Visual Feedback Goggle for Positional Vertigo Treatment

Vertigo Clinical Trial

Official title:

Visual Feedback Goggle For The Treatment Of Benign Paroxysmal Positional Vertigo in a Randomized Single-Blind Study

Clinical Trial Details — Status: Active, not recruiting

Administrative data

• NCT number: NCT00729885
• Other study ID #: V200601
• Status: Active, not recruiting
• Phase: Phase 1/Phase 2
• First received: August 1, 2008
• Last updated: August 7, 2008
• Start date: November 2006

Study information

• Verified date: August 2008
• Source: Vertigone Inc.
• Contact: n/a
• Is FDA regulated: No
• Health authority: United States: Institutional Review Board
• Study type: Interventional

Clinical Trial Summary

Benign Paroxysmal Positional Vertigo (BPPV) is one of the most common causes of vertigo and the most common vestibular disorder of the inner ear. BPPV is the result of small free-floating particles (canaliths) in the posterior semicircular canals where they aggravate the sensory apparatus and induce sudden and severe attacks of vertigo when the head is turned into certain positions.

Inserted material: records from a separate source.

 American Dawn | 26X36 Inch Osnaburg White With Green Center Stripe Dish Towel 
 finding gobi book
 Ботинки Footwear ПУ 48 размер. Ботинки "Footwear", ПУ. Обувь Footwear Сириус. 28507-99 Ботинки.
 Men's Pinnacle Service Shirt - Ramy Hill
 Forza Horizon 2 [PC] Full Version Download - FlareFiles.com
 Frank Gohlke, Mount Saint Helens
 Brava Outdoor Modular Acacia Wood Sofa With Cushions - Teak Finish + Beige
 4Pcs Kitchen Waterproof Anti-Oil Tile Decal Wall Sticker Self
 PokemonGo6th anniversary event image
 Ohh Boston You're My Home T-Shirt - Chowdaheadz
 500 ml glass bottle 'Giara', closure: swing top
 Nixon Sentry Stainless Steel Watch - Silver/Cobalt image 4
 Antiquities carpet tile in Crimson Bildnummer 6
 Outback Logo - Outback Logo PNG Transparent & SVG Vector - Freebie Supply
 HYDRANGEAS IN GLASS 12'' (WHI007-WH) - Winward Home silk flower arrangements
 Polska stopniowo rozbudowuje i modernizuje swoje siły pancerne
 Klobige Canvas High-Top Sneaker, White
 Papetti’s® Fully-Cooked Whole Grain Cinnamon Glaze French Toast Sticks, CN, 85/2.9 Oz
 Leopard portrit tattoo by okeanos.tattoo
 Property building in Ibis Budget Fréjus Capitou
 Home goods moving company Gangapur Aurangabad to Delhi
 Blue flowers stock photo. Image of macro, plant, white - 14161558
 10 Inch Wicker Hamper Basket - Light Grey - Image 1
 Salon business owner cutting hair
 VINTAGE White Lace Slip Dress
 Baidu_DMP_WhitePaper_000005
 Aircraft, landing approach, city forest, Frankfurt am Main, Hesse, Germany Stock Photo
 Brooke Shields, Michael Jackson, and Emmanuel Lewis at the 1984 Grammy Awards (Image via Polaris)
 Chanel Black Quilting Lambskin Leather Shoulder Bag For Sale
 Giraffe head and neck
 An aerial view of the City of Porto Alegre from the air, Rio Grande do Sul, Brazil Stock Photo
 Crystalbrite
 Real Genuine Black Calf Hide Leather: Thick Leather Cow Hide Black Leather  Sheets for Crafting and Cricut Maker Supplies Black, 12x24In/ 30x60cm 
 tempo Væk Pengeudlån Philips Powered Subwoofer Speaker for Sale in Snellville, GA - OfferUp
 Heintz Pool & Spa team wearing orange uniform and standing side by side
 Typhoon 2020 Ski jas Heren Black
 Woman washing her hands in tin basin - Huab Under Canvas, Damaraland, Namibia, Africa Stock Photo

The treatment of BPPV was revolutionized by the introduction of the Epley maneuver, a sequence of head movements that use gravity to reposition the canaliths within the inner ear. The Epley maneuver provides prompt relief from vertigo in approximately 80% of patients.

The innovation, the Vertigone goggle, provides both physician and patient with visual feedback to guide them through an accurate Epley maneuver. This changes the current treatment paradigm for BPPV, greatly increasing the availability of the maneuver to non-specialist physicians, nurse practitioners, physician's assistants and physical therapists. The device is designed so that the patient with recurrent vertigo can use the goggle to treat BPPV at home. The goggle is currently a pre-market prototype.

The hypothesis for the study is that accuracy in the performance of the Epley maneuver correlates with improved clinical resolution of vertigo in BPPV patients. If the hypothesis is true, then there is a clear case for the utility of the visual feedback provided by the VertiGONE goggle in performing the maneuver.

Recruitment information / eligibility

• Status: Active, not recruiting
• Enrollment: 60
• Est. primary completion date: August 2008
• Accepts healthy volunteers: No
• Gender: Both
• Age group: 30 Years to 80 Years

Eligibility

Inclusion Criteria:

• Age: 30-80

• Old patients (more than one year since first symptom)or new patients(more than 3 months duration of symptoms) diagnosed by physicians with Benign Paroxysmal Positional Vertigo (BPPV)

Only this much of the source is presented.